> Task details
Exactly as they stand, repeat the lines from the one containing "Mapa prieskumu španielskeho" through the final line of the listing, both ends included, and nothing else; skip the pictures.

> Dataset extract
◆ ◆ ◆ ◆ ◆
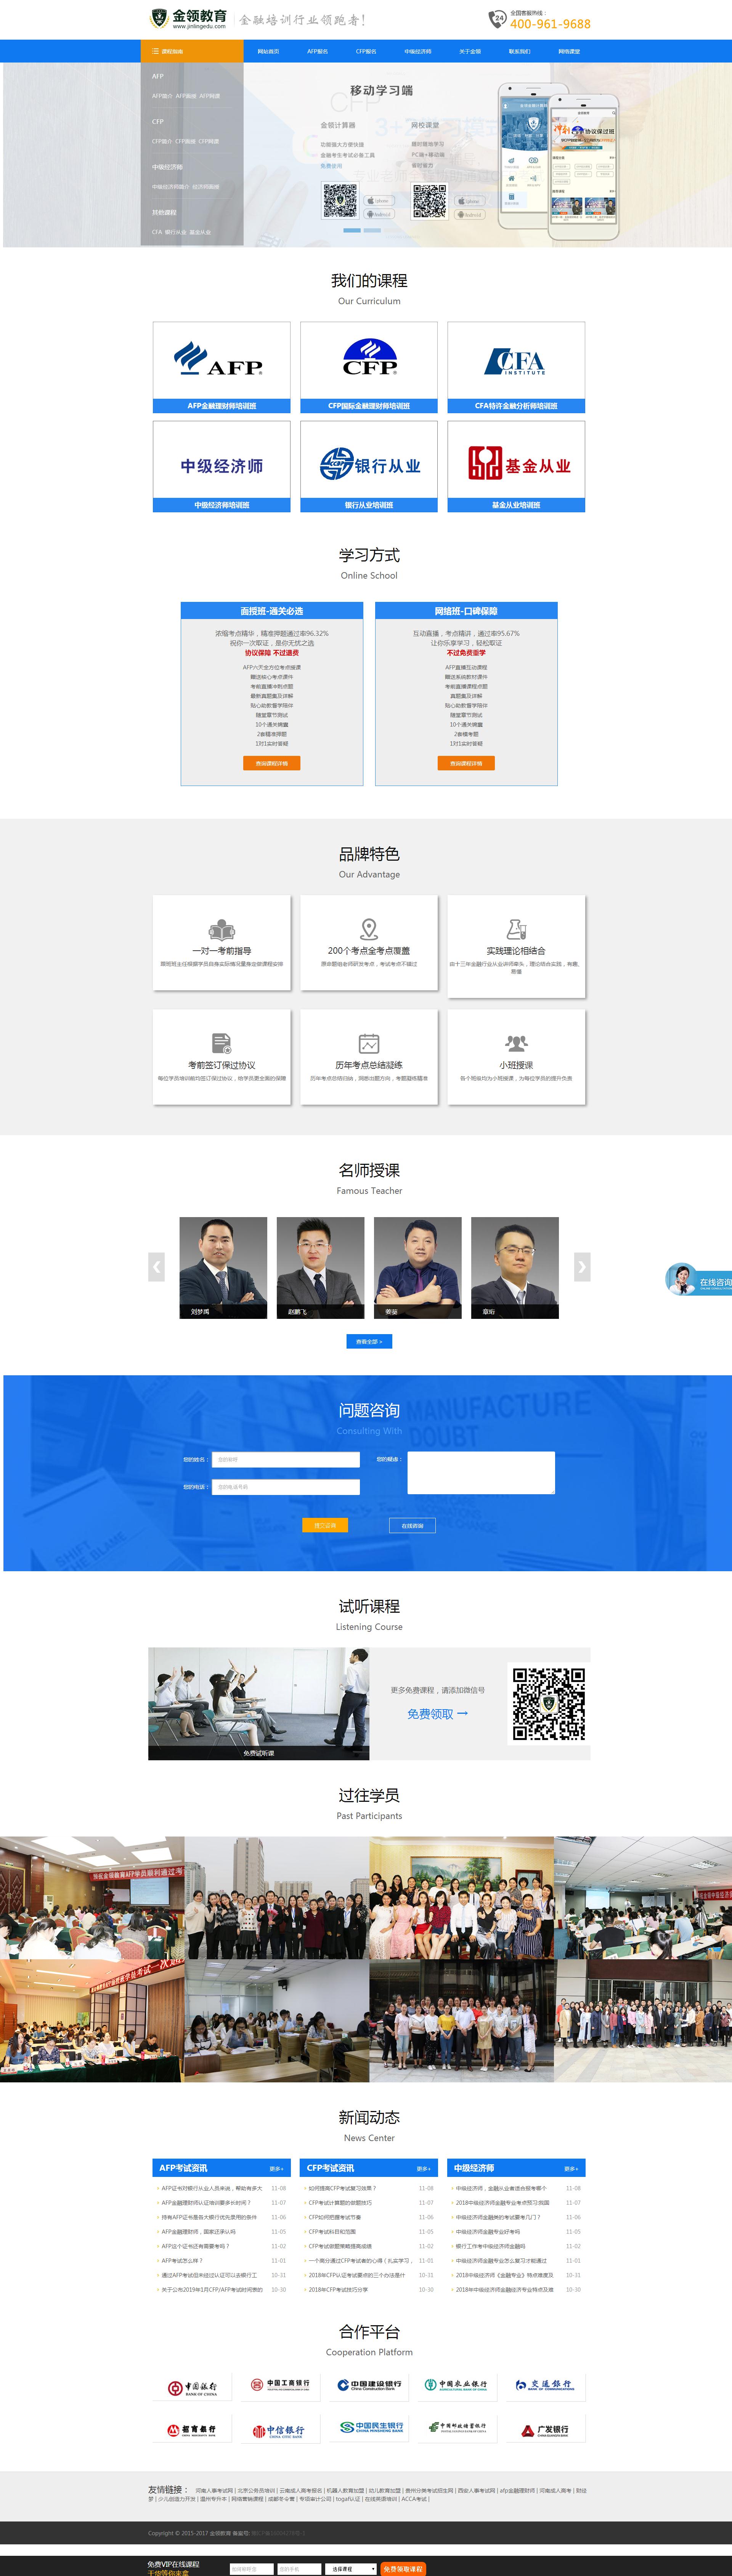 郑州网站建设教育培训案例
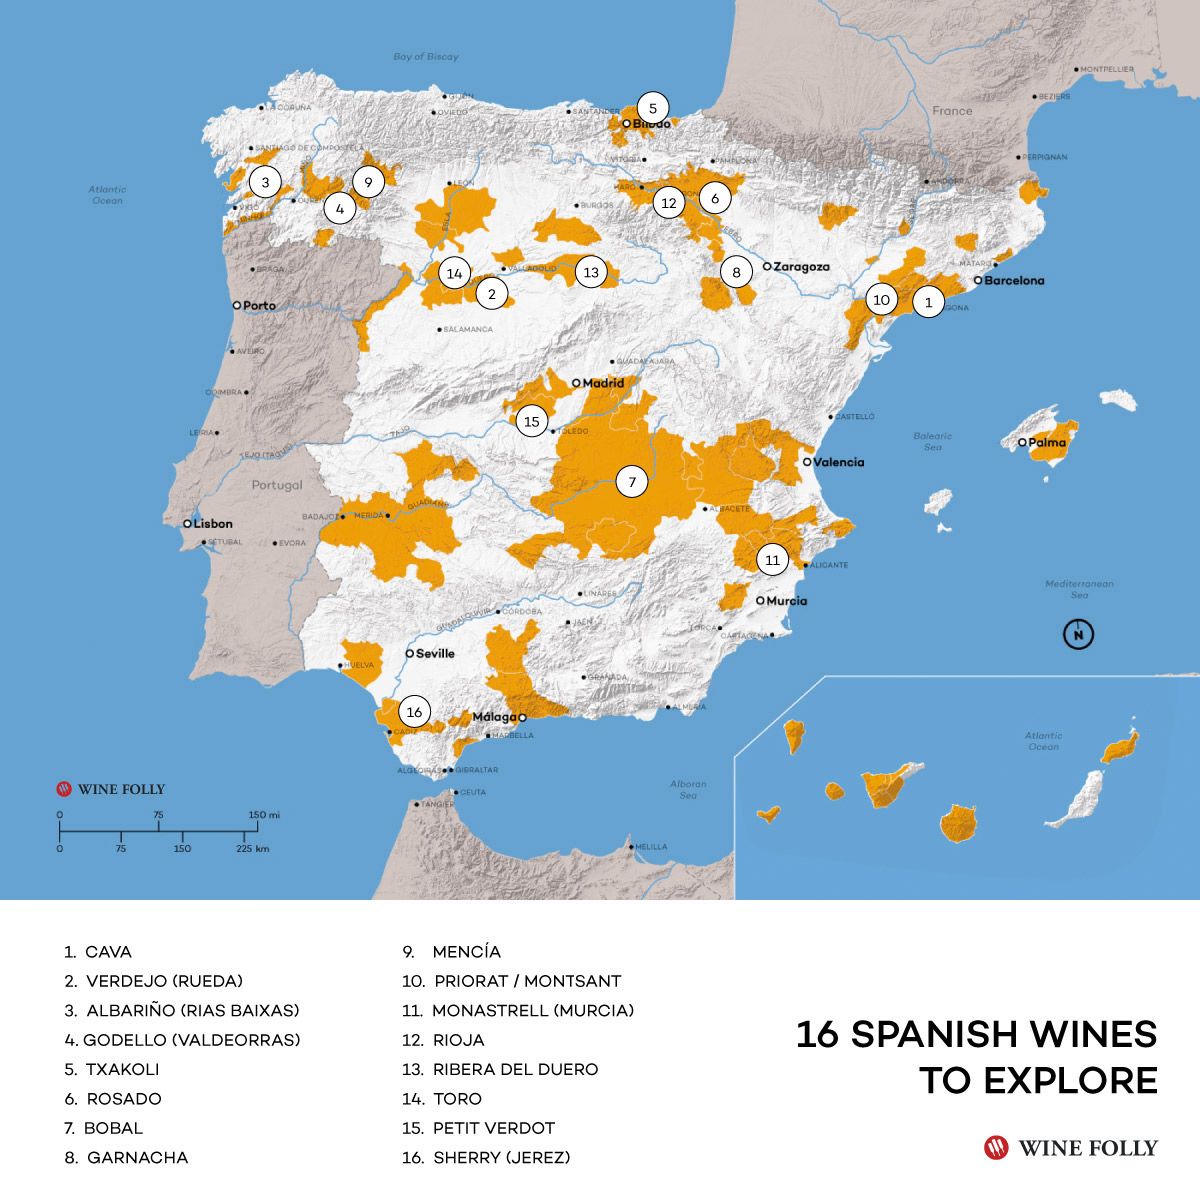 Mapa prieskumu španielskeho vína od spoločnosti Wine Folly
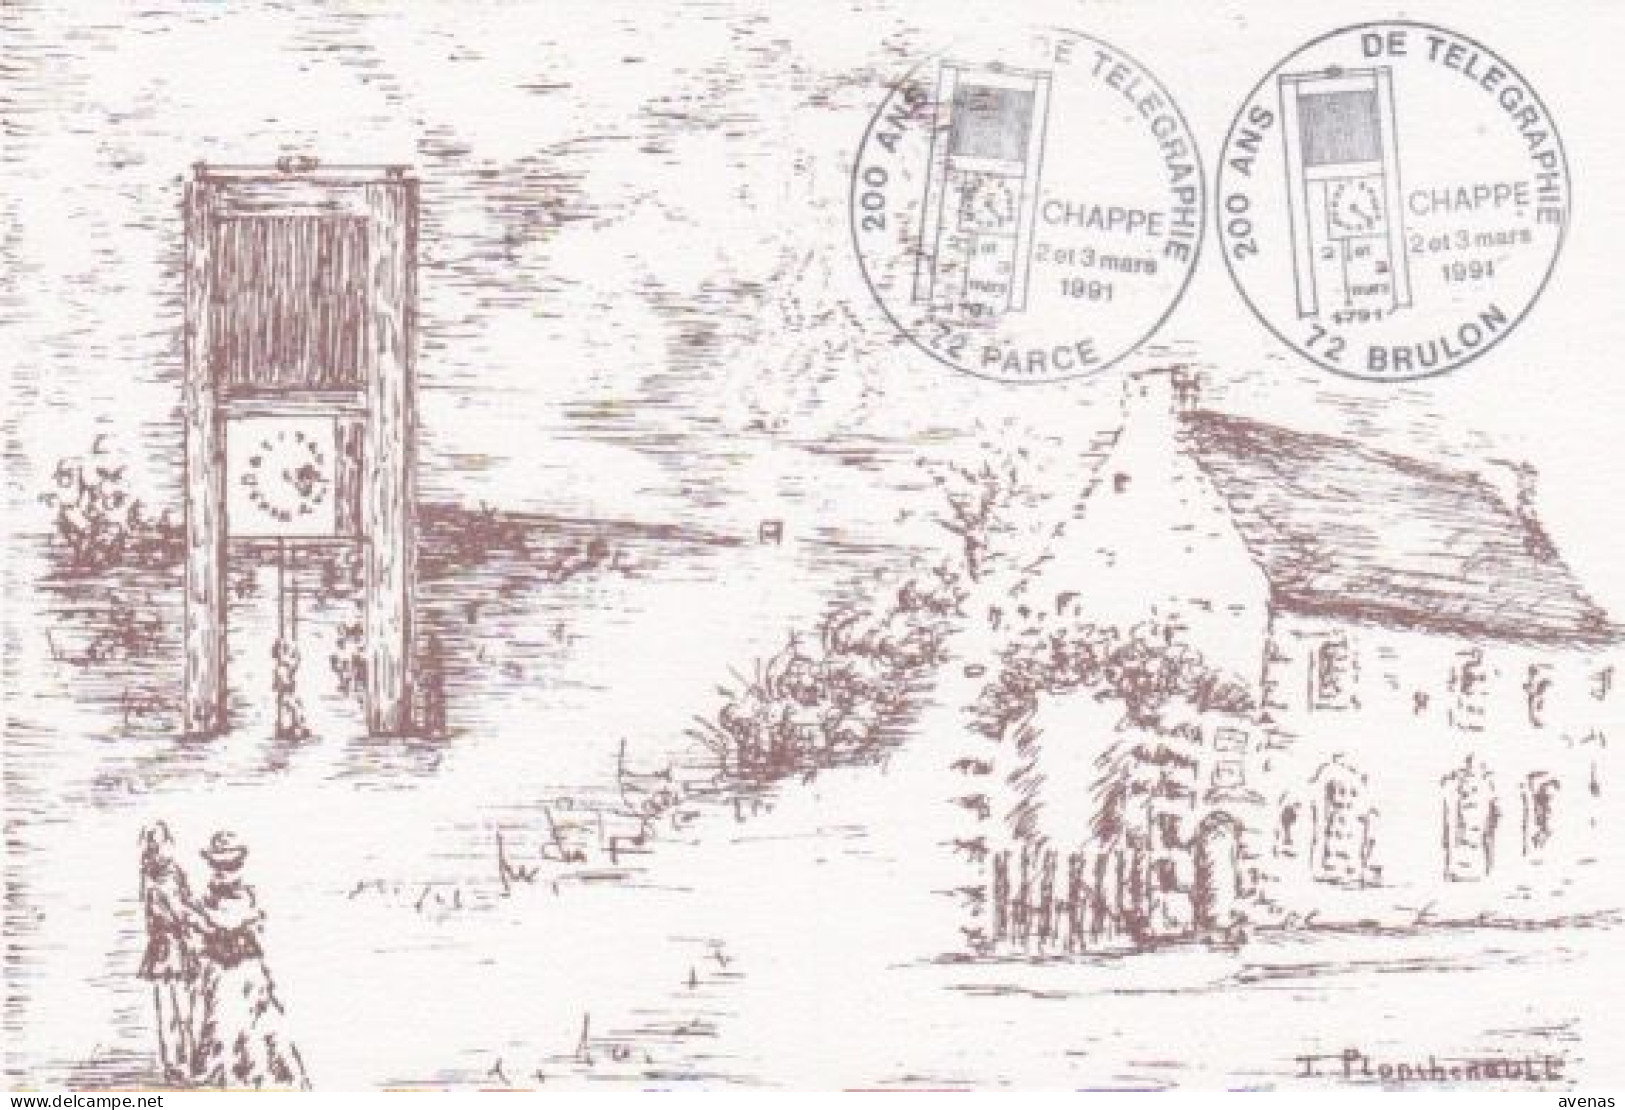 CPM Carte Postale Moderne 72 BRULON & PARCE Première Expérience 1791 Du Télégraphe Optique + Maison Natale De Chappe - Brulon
◆ ◆ ◆ ◆ ◆
> Exercise answer
 Mapa prieskumu španielskeho vína od spoločnosti Wine Folly
 CPM Carte Postale Moderne 72 BRULON & PARCE Première Expérience 1791 Du Télégraphe Optique + Maison Natale De Chappe - Brulon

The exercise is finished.